Biomed Signal Process Control.


2023 Jan.

Abstract

Decreasing the COVID spread of infection among patients at physical isolation hospitals during the coronavirus pandemic was the main aim of all governments in the world. It was required to increase isolation places in the hospital’s rules to prevent the spread of infection. To deal with influxes of infected COVID-19 patients’ quick solutions must be explored. The presented paper studies converting natural rooms in hospitals into isolation sections and constructing new isolation cabinets using prefabricated components as alternative and quick solutions. Physics (AI) helps in the selection and making of a decision on which type of solution will be used. A Multi-Layer Perceptron Neural Network (MLPNN) model is a type of artificial intelligence technique used to design and implement on time, cost, available facilities, area, and spaces as input parameters.
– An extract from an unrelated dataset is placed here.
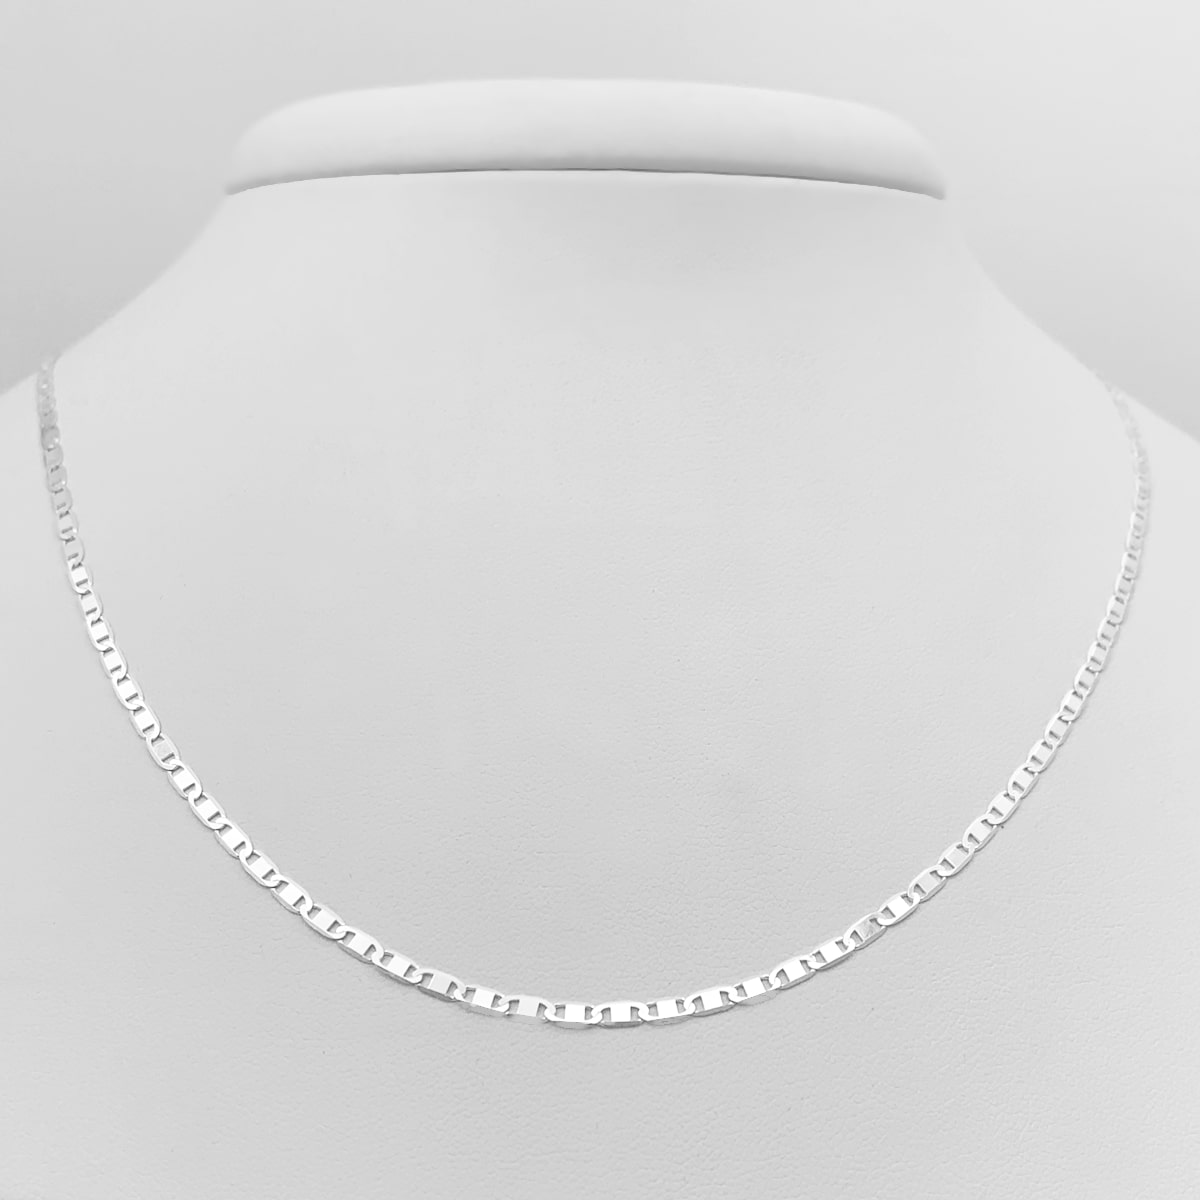 Corrente de Prata 925, Modelo Piastrina

The MLPNN result decided to select a prefabricated approach since it saves 43% of the time while the cost was the same for the two approaches. Forty-five hospitals have implemented a prefabricated solution which gave excellent results in a short period of time at reduced costs based on found facilities and spaces. Prefabricated solutions provide a shorter time and lower cost by 43% and 78% in average values respectively as compared to retrofitting existing natural ventilation rooms.


Keywords:

Infected patients; Isolation Rooms; Negative pressure; Quarantine.

Conflict of interest statement

The authors declare that they have no known competing financial interests or personal relationships that could have appeared to influence the work reported in this paper.